Ветер

                ВЕТЕР

;Словно отравленные рыбы, люди лежали на дне огромного стеклянного ящика аэропорта, страдая во сне от холода. Среди замерших на табло остатков слов, среди пустых накопителей, закрытых касс и выключенных телевизоров стояла зябкая прохлада, незаметная вначале, но по мере течения часов на неудобных диванах проникавшая в кровь, в жилы, заставлявшая поднимать воротник, прятать руки в рукава, натягивать на уши шапку, мечтать о тепле.

;Чтобы согреться, в нарушение всех законов физики, нужно было спуститься вниз, в подвал, к туалетам. Нетронутый авангардный пластик там соседствовал с голой кирпичной стеной, на плиточном полу зеркалилась огромная лужа, и было немного теплее. Можно было расслабиться, забыть о холоде, постоять у окна, за которым виднелось летное поле. Пурга метелила в стекла и неустанно, нервно, испуганно метался по снегу отсвет от невидимого фонаря.

;Весь огромный прозрачный параллелепипед застыл в морозном воздухе, овеваемый бешеными струями ветра. Яркие светильники освещали его внутренность, где на маленьких кожаных диванах скорчились беззащитные люди, ожидавшие утра, мечтавшие прорваться сквозь стену атмосферных явлений и взмыть над непогодой, взмыть над белой землей, цепко державшей в морозных объятиях семена жизни. Все это было построено для них, но ни один не получил от этого большого удовольствия.
;Бушевала пурга, и тонкие крылья аэропланов снаружи гнулись под давлением ветра. Они покачивались на своих шасси, бессмысленные здесь, на земле, холодные, залитые под завязку отвратительной горючей жидкостью, пустые, белые, безмозглые, чье своеволие всегда карается смертью.

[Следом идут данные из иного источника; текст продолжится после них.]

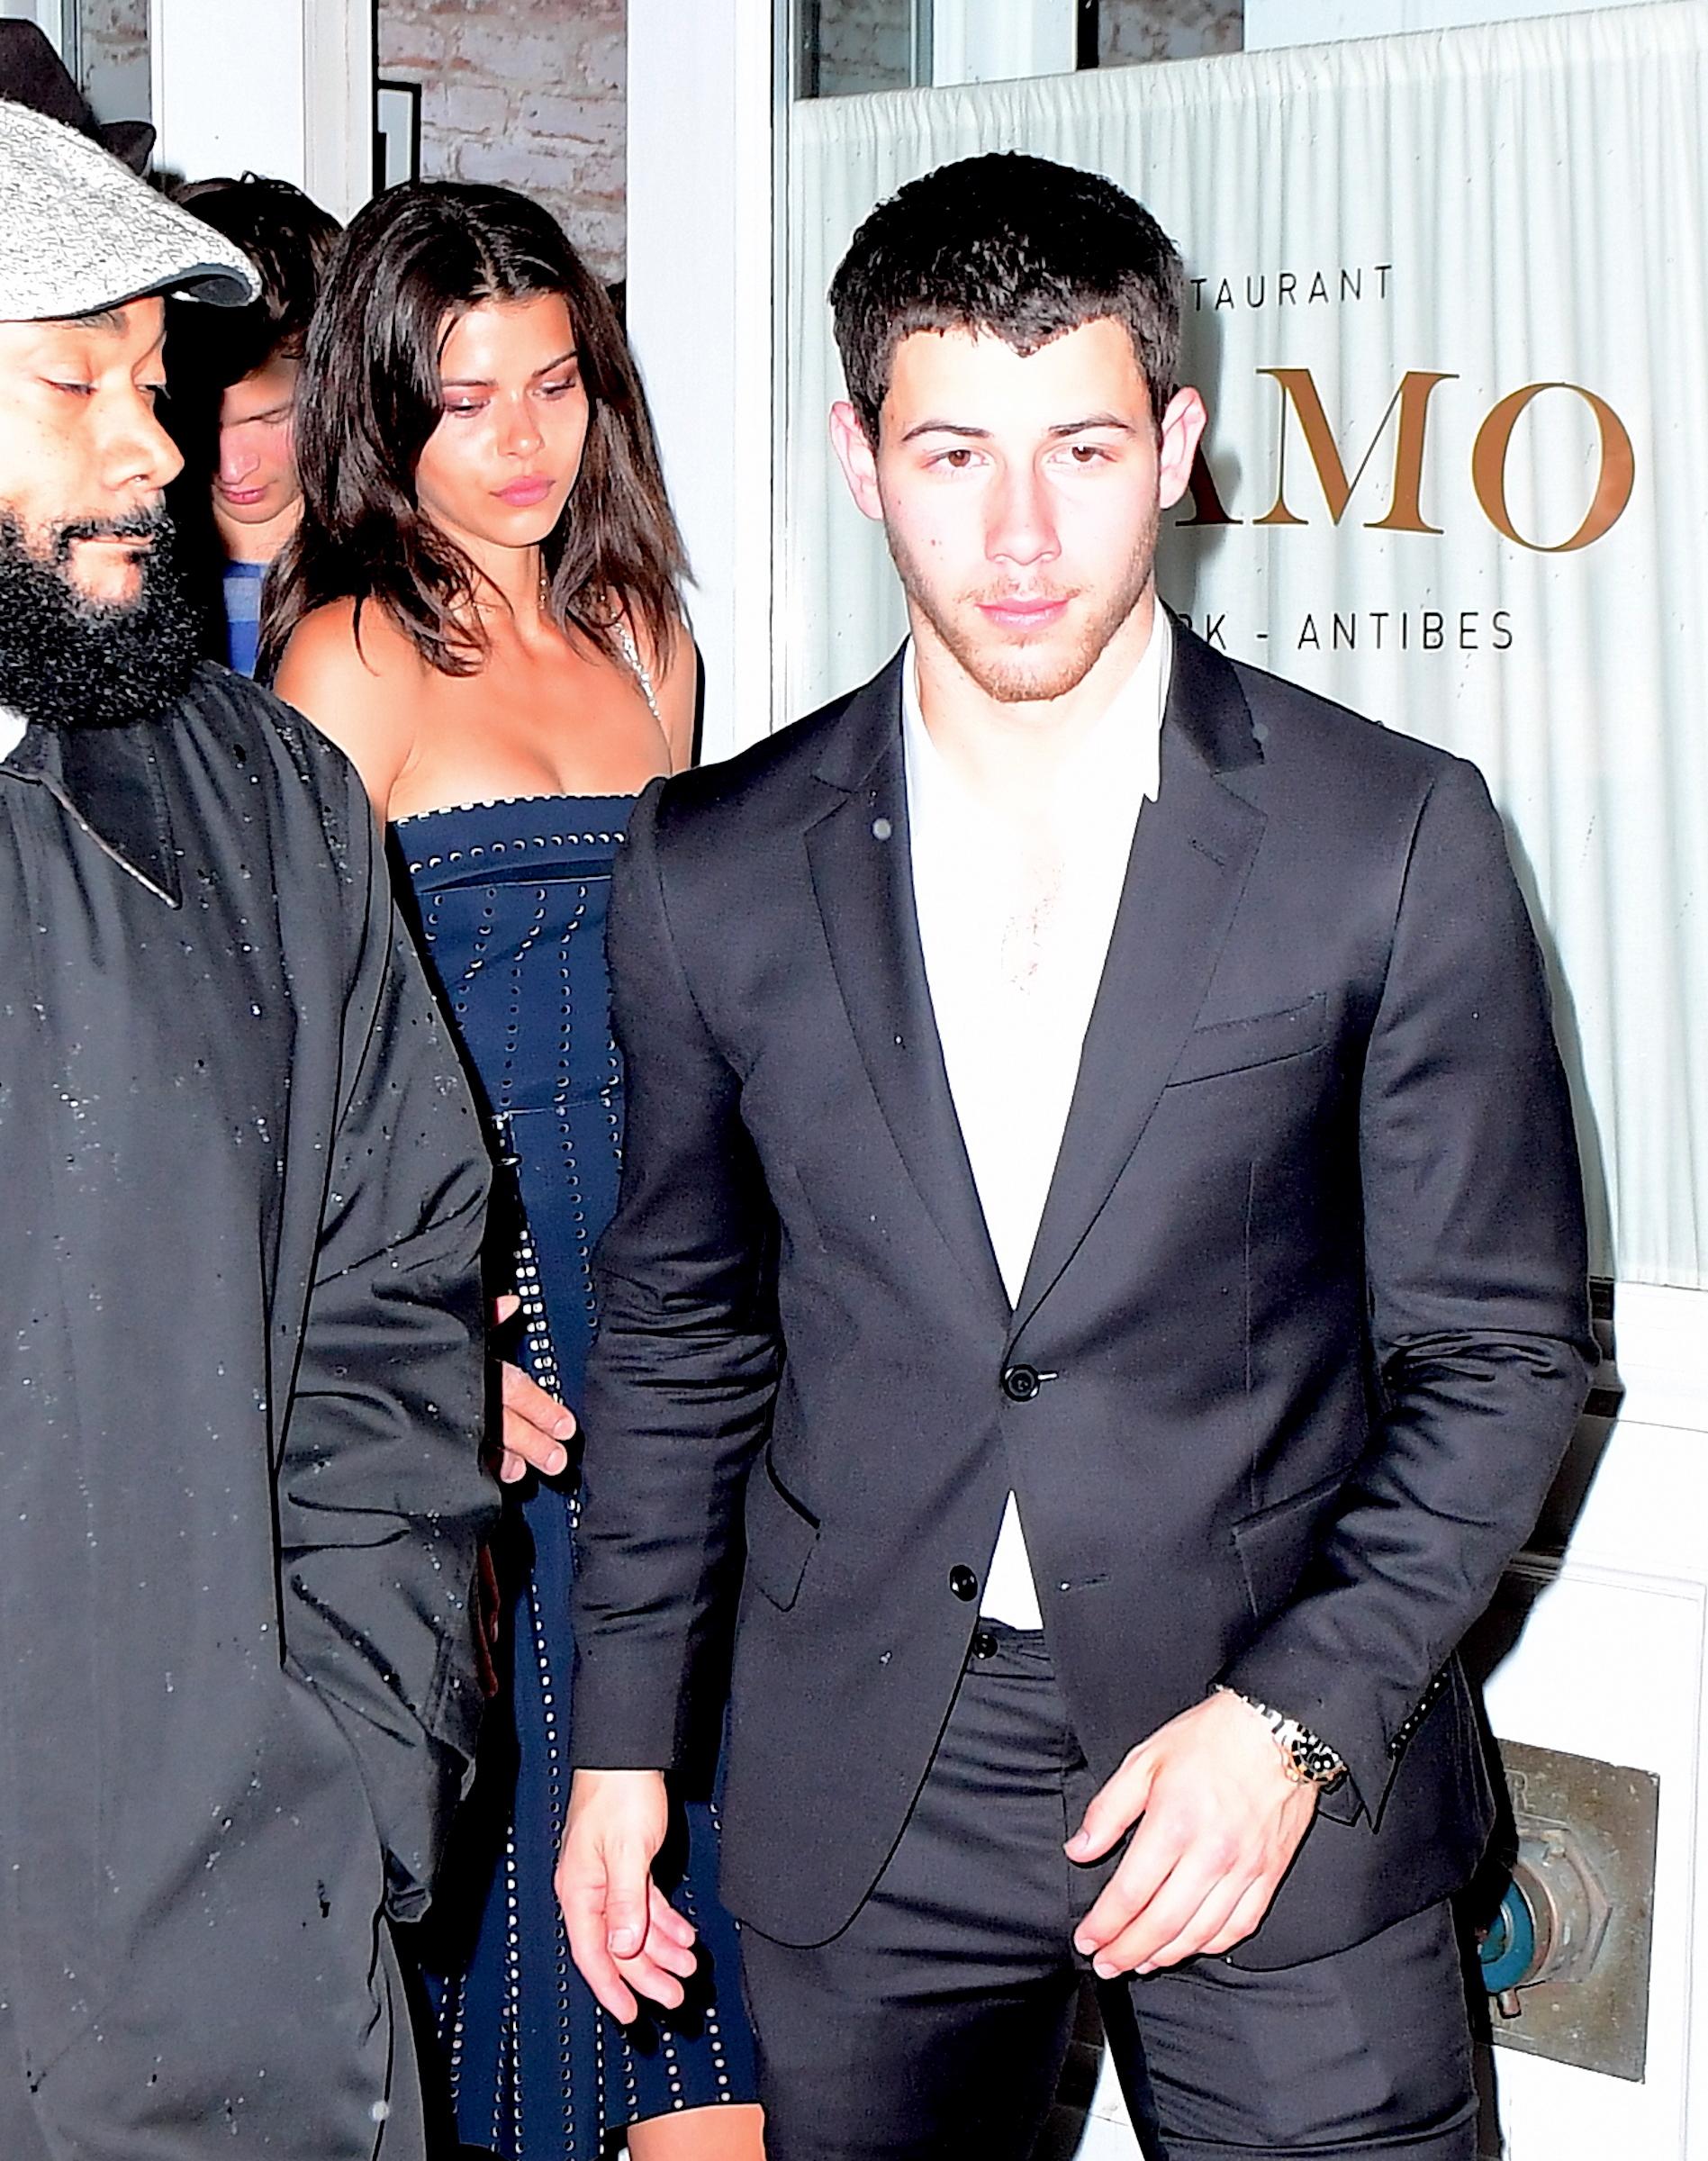 Nick Jonas and Georgia Fowler - New celebrity couples of

;Весь мир раскачивался, и он раскачивался вместе с ним, подцепленный крюком за внутренний карман, за кусок бумаги с неровными телеграфными знаками, со штампом «срочно, оплачено», который опоздал, пришел на восемь часов позже, чем нужно, и штамп не сработал, и теперь весть была мертва, ибо он опоздал, опоздал, опоздал, и все самолеты задерживаются, и пурга не хочет успокоиться, и та мрачная сила, которой еще обладала телеграмма, не могла помочь. Ибо окошко администратора было закрыто до утра, и утренний самолет был набит, и пурга мела не переставая, и весь мир застыл, словно вода, о которую ударяешься, падая с вышки. Такая ласковая, такая мягкая, такая теплая обычно…

;Он расхаживал взад и вперед по залу, провожаемый тусклыми, сонными взглядами. Он не знал, что ему делать и как быть теперь, потому что человека, о смерти которого сообщала телеграмма, больше не существовало, он лежал где-то холодный и остывший, и когда похороны, было неизвестно, и телеграмма пришла с опозданием, и погода испортилась и... и... и... и...
;Он остался один в этом мире. Что-то рухнуло, что-то порвалось. Осталась мать. Остались братья и сестры, остались дети, мирно спавшие в глубине постелек. Но что-то порвалось. Теперь вся ответственность легла на него. За все происходящее, за мрачный сонный мир, за темные глубины, за непрозрачное водное зеркало, в котором отражаются чьи-то странные, страшные, расплывающиеся лица.
;Фрейд, инцест, эдипов комплекс — старые слова; но почему это так потрясает? Где он сейчас, что происходит, на который час назначены похороны? На девятый или на сороковой день он покинет нас?.. Если мне повезет и я попаду на первый утренний самолет, то смогу улететь из Москвы рейсом в 12.35. И тогда, возможно, я успею.

;Он ходил, как слепой, едва не натыкаясь на спящих, сворачивая в последний момент. По обеим сторонам зала висели часы и одни из них спешили на три минуты по сравнению с другими. И когда он шел в одну сторону, то ему было легче, потому что на этих часах было больше времени, а когда обратно, то на душе становилось еще тяжелее, чем до этого, и он чувствовал, как холодное острие крюка проникает все дальше и дальше в грудную клетку, касаясь сердца.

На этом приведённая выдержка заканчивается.